It wasn’t possible. That was Jason! That was the man she’d danced with, who’d run away when she called him last night. The man someone wanted badly enough to threaten Stella with a gun.

Her instinct had been right last night: he
had
been looking for Vanessa. No wonder she’d bumped into him outside Vanessa’s cabin. But if he was looking for her…then Vanessa certainly hadn’t found
him
.

She had to be on the dock.
Had
to be. She’d promised. Stella yanked the last few items from hangers, dumped out the drawer, and swiped the items on the bathroom counter into the bag. She zipped it up, did a quick check of the room, grabbed both bags, and flung open the door.

The coast was clear.

Downstairs at her less expensive cabin, she finished packing her stuff, left another voice-mail message on Vanessa’s cell phone, stuffed her unwashed hair into her sun hat, and headed out to the tender embarkation deck. Every face looked familiar and friendly; she’d spent every waking moment making friends. But Jason—Clive—wasn’t there.

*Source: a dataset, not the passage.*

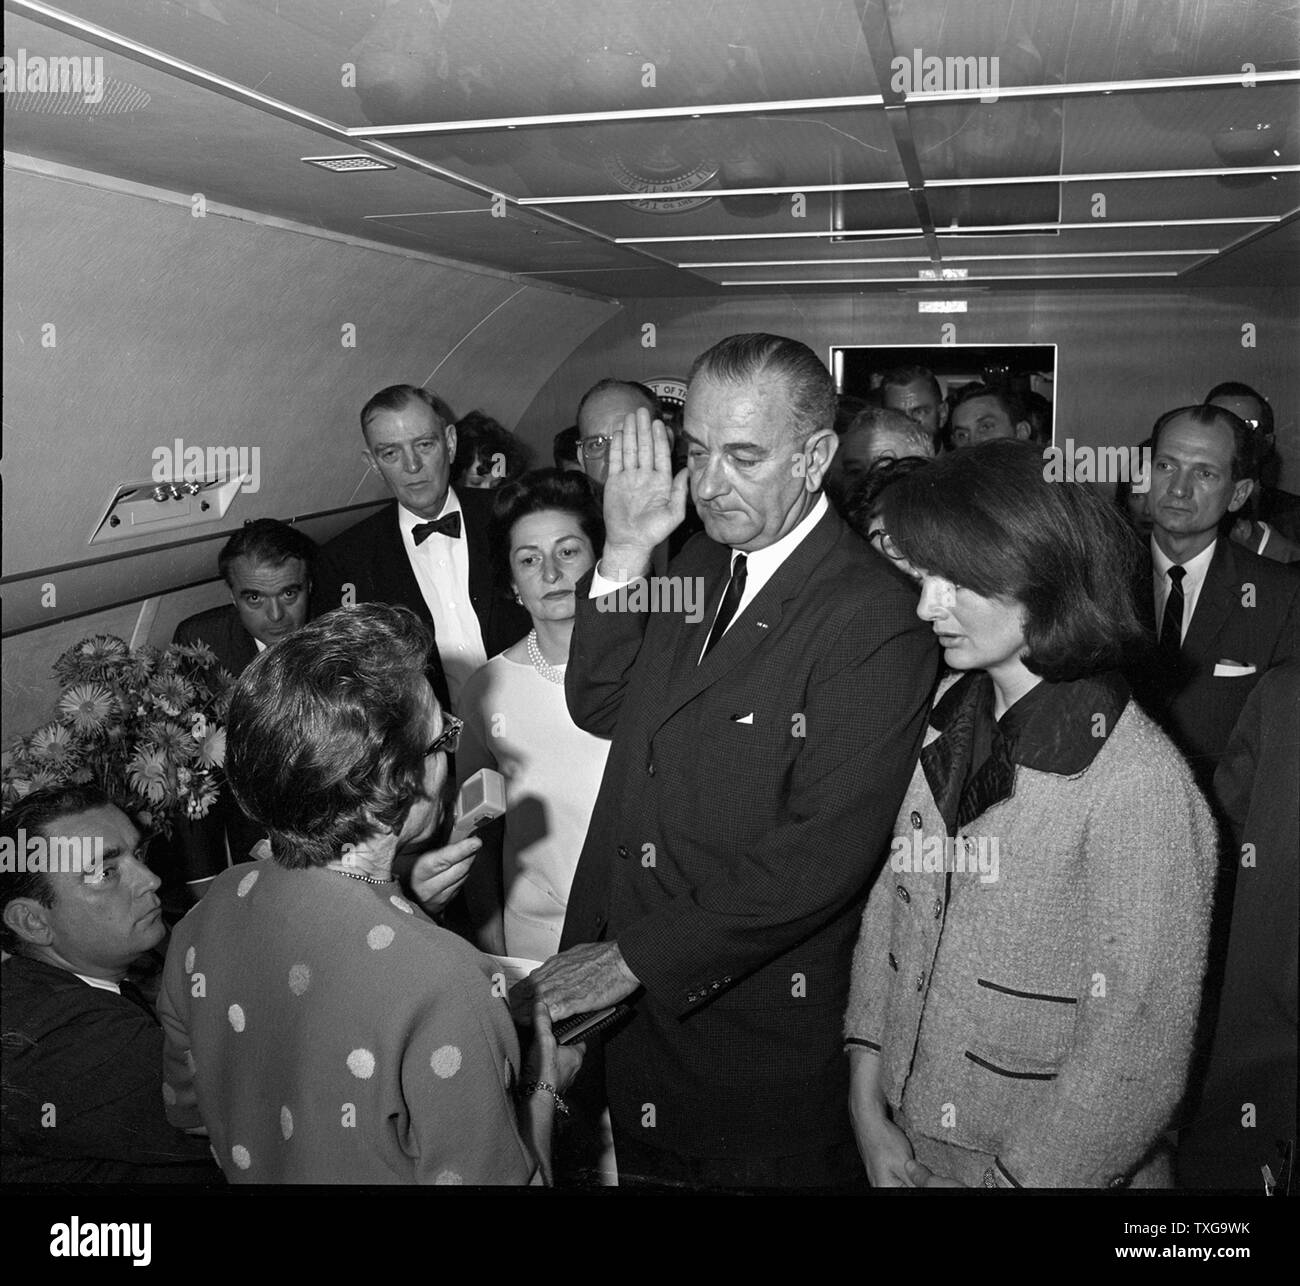 Lyndon Baines Johnson, 36e président des États-Unis de 1963 à 1969 assermenté à titre de président des États-Unis sur un avion transportant le corps de son prédécesseur assassiné John Kennedy. Novembre 1963. Banque D'Images

How had he gotten onboard? The crew would have to have known him. Of course, he’d been on this cruise before, and maybe they’d let him slip on at one of the ports.

She boarded the next tender boat, made small talk with the other passengers, and scrutinized the decks for his face.

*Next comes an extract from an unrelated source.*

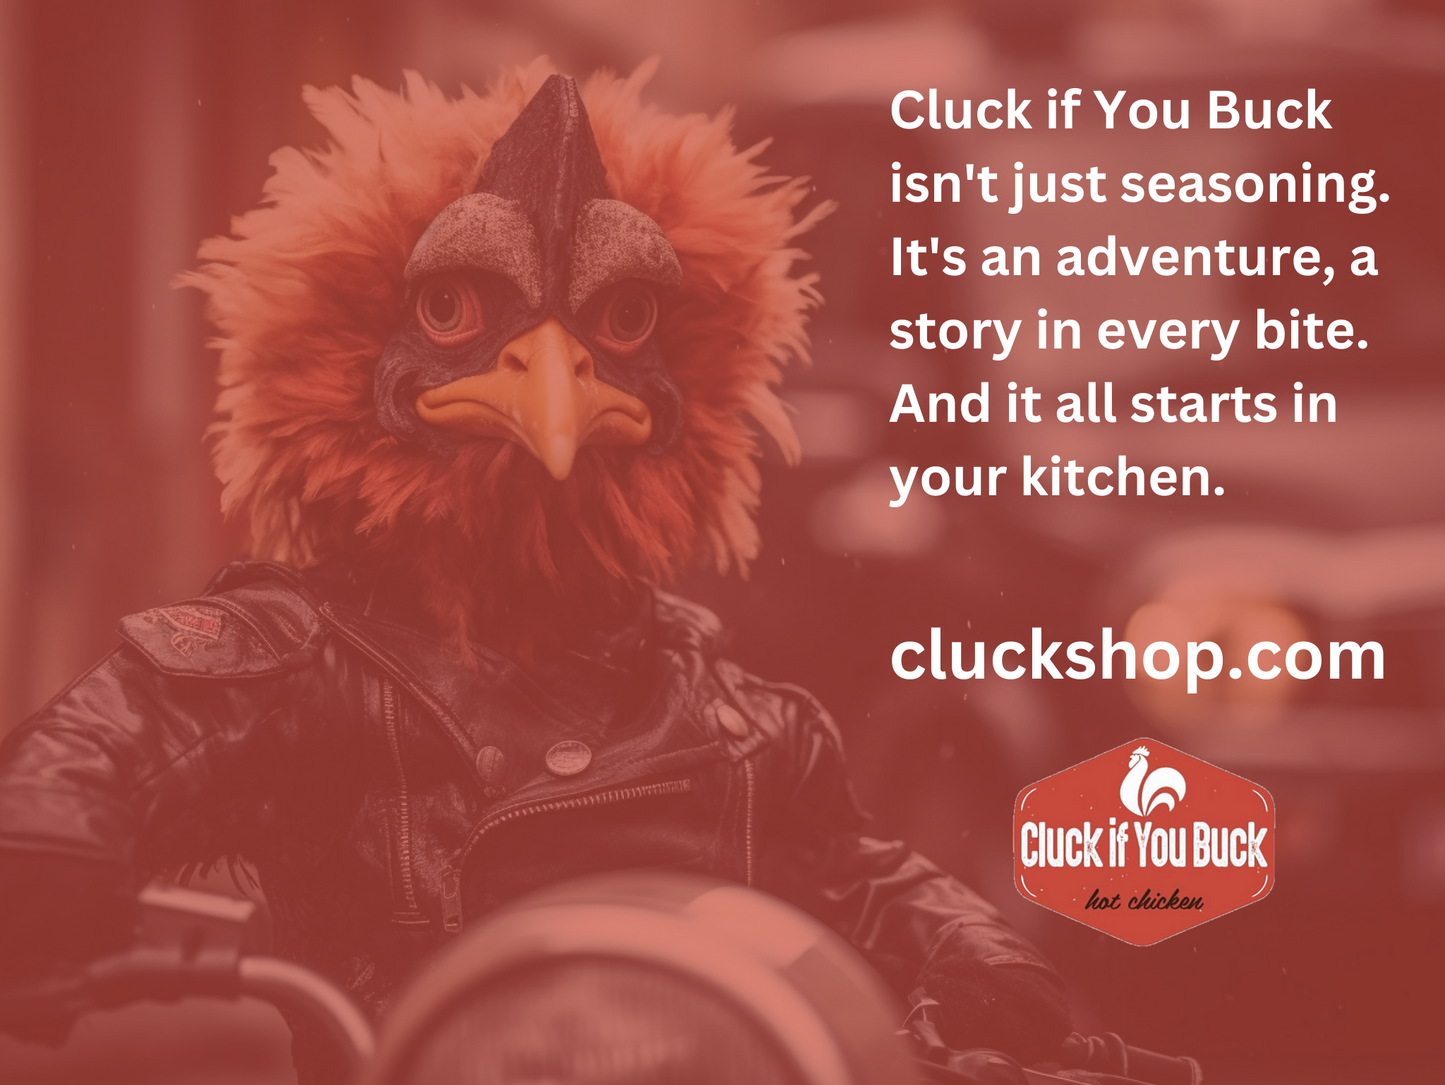 Cluck If You Buck - Nashville Hot - Sweet Heat Sea Salt - 12 Pack - Restaurant Bundle

After docking, she accepted help off the little boat, gathered her bags and Vanessa’s, and stood on the wide wooden planks at the mouth of Gustavia harbor, squinting into the sunshine bouncing off the quaint pink and peach buildings that sloped all the way to the top of a mountain.

She rolled the suitcases along the dock, scanning the crowds. With two big commercial cruise ships just emptying for an excursion, plus the arrival of the
Valhalla,
the town was jam-packed with tourists.

But no tall blonde with horn-rimmed glasses. And no skinny, thin-haired charmer.

Sighing, she pulled out her cell phone and punched in Vanessa’s number. In the midst of all the dock’s commotion, she heard the digital melody play “Some Enchanted Evening.”

Vanessa was here! Pressing the phone to her ear, Stella started to turn, looking for her. Vanessa had programmed that song into her phone as Stella’s private ring tone the night they’d met, because it was Stella’s favorite—

“Yes?”

Stella was startled at the man’s voice in her ear.

Without thinking, she slammed the phone shut. It must have been a mistake. She must have dialed wrong and imagined the song played.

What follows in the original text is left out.